**WHAT YOU SHOULD DO:**
Each line of the data below between the one containing "Vintage Vicky Tiel" and the one containing "Valentines Day at Armani Restaurant", both included, is to be repeated exactly. Please omit pictures.

**DATA LISTING:**
+++
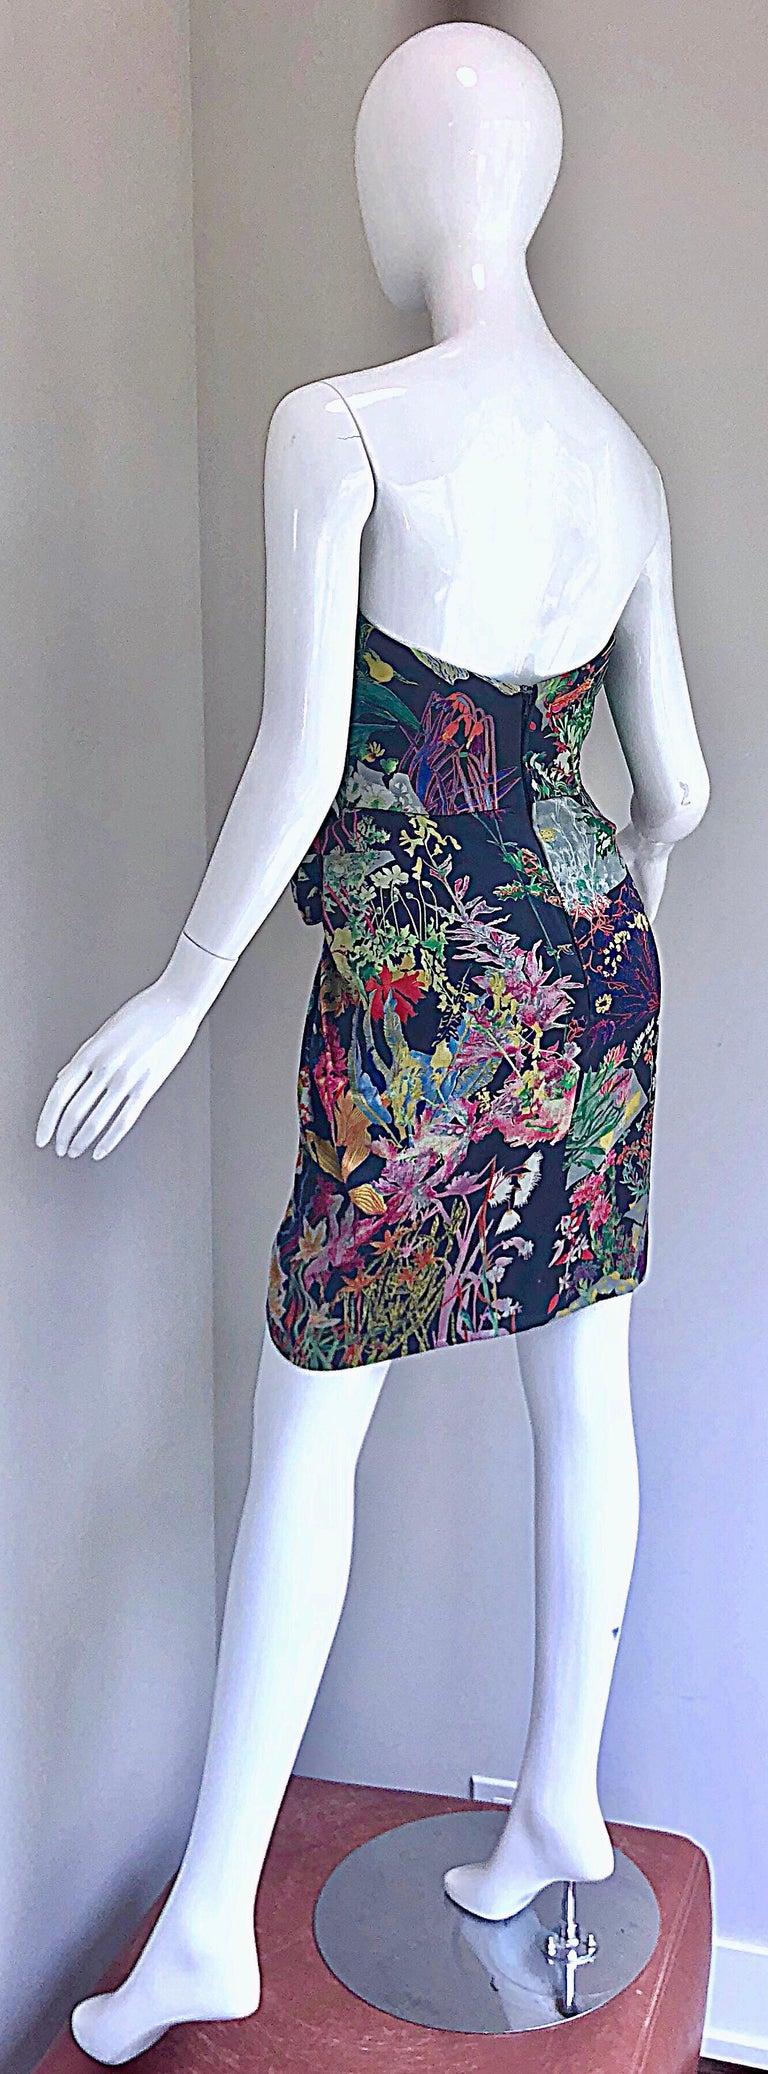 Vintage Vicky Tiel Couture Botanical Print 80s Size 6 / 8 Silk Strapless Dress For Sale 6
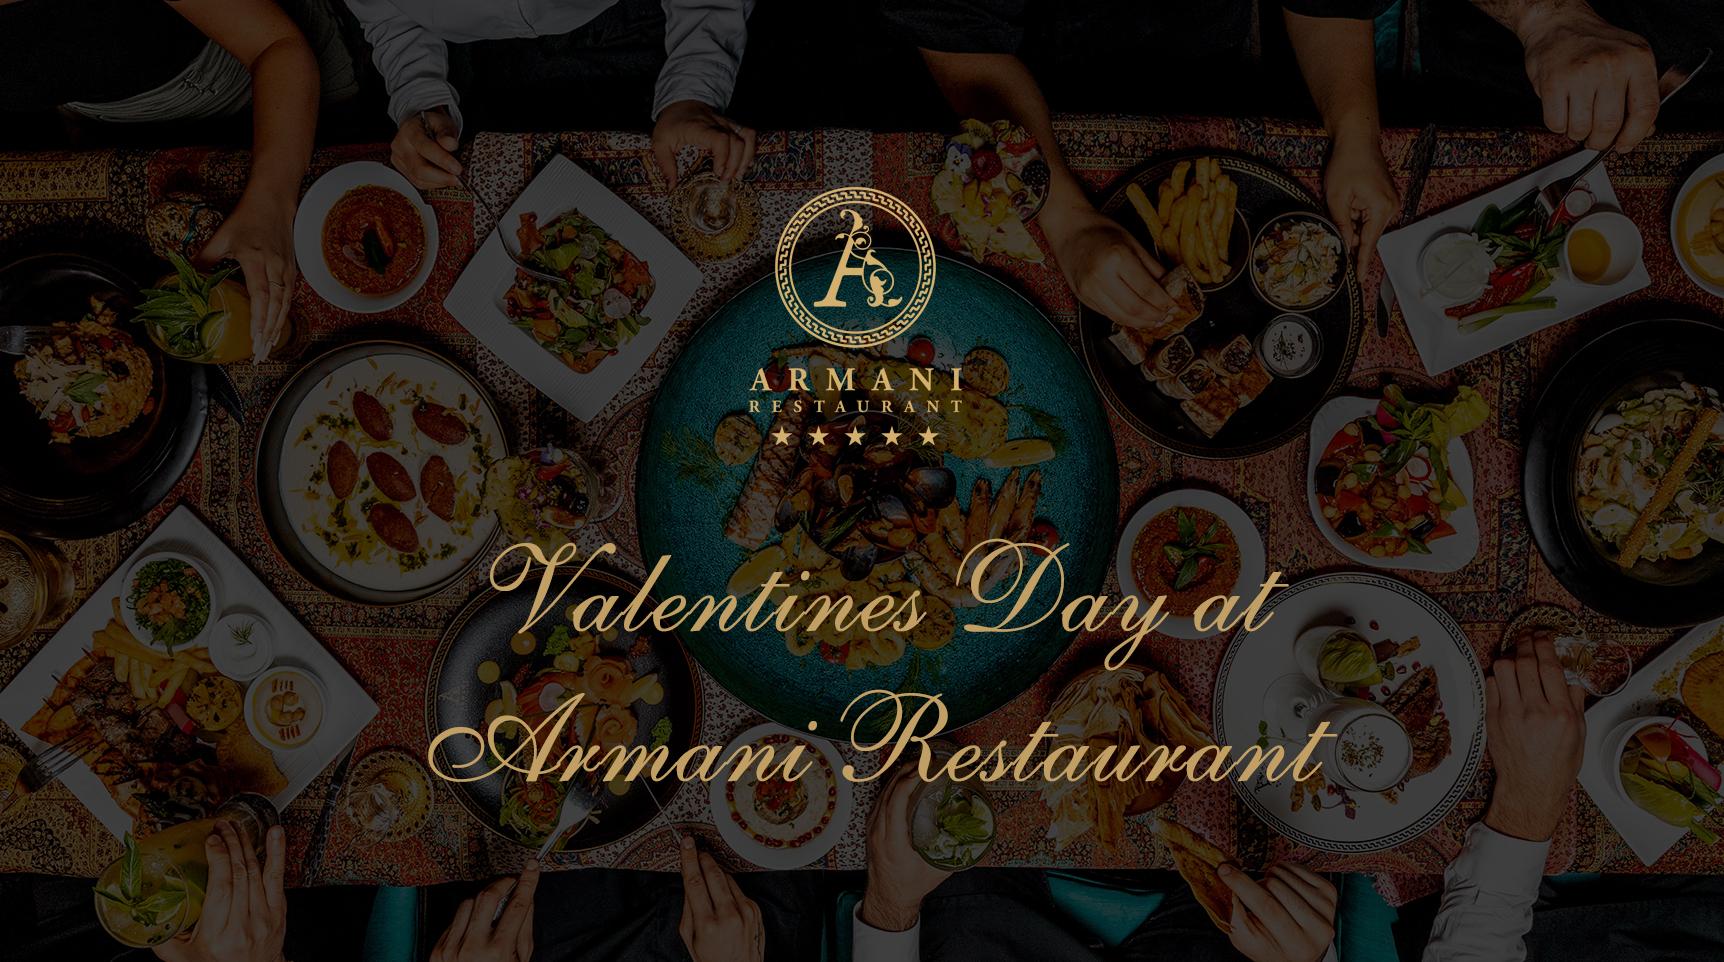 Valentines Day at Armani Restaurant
+++
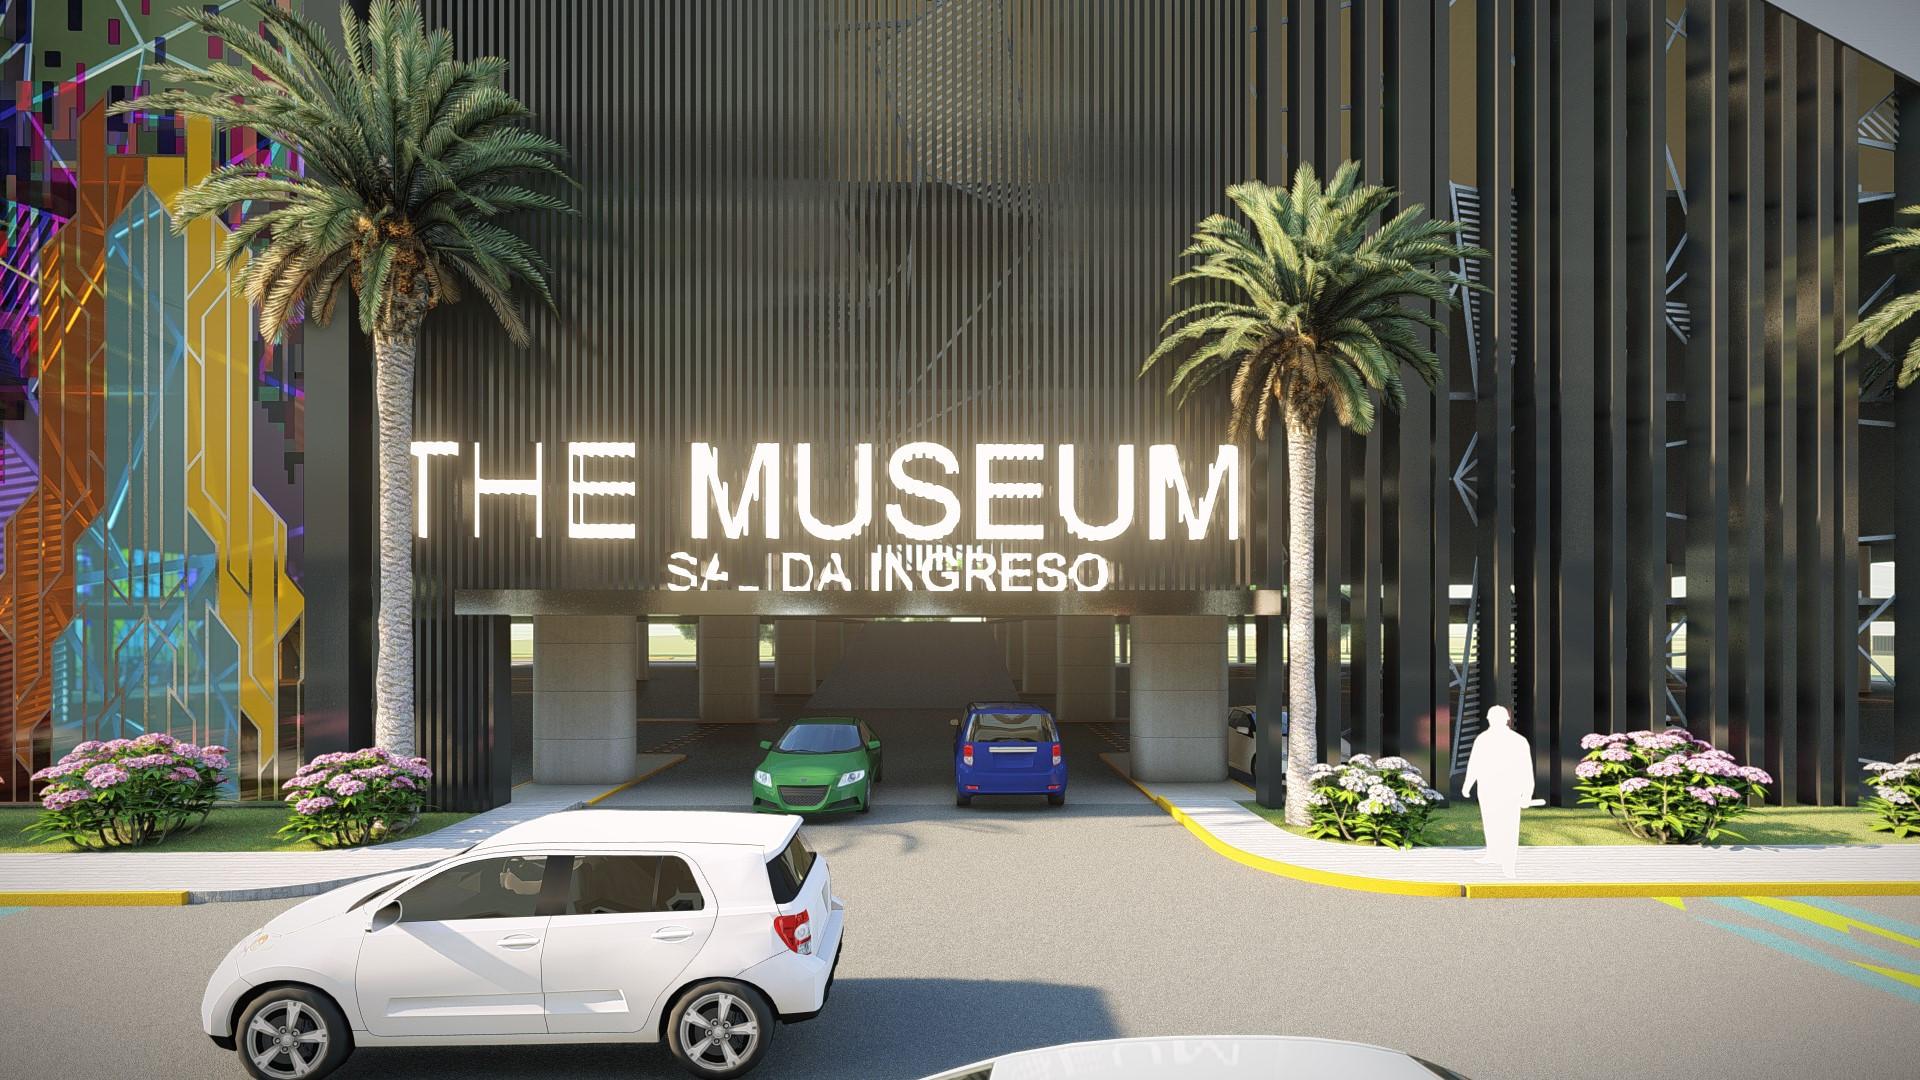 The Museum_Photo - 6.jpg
+++
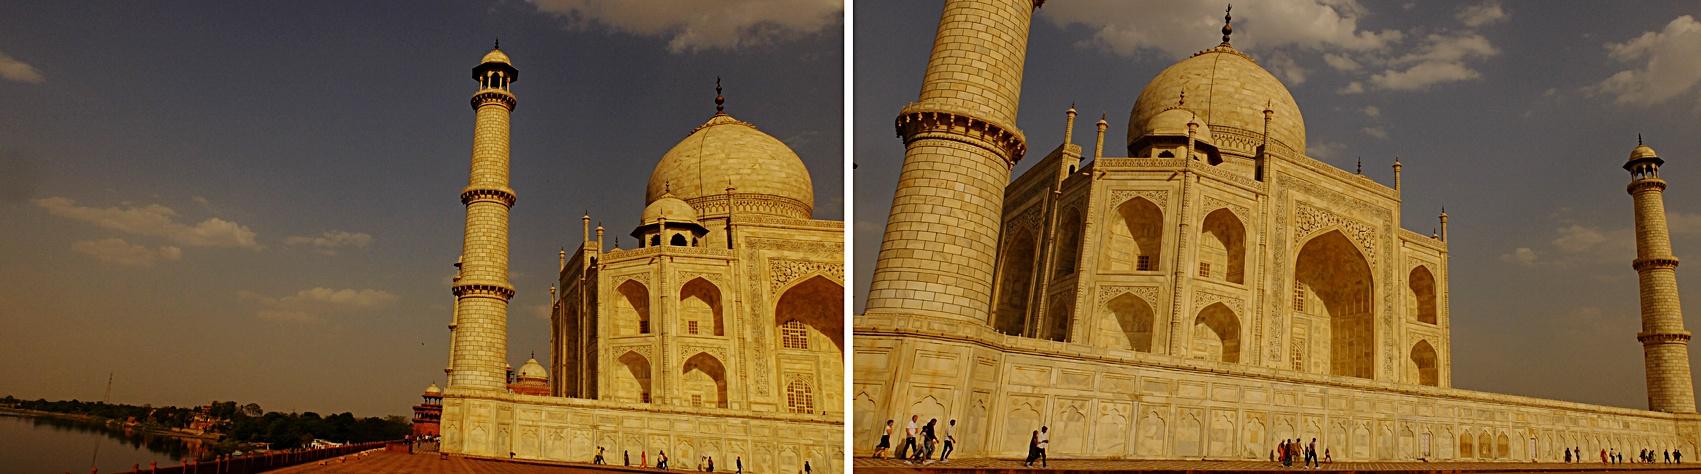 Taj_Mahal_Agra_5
+++
**RESULT:**
 Vintage Vicky Tiel Couture Botanical Print 80s Size 6 / 8 Silk Strapless Dress For Sale 6
 Valentines Day at Armani Restaurant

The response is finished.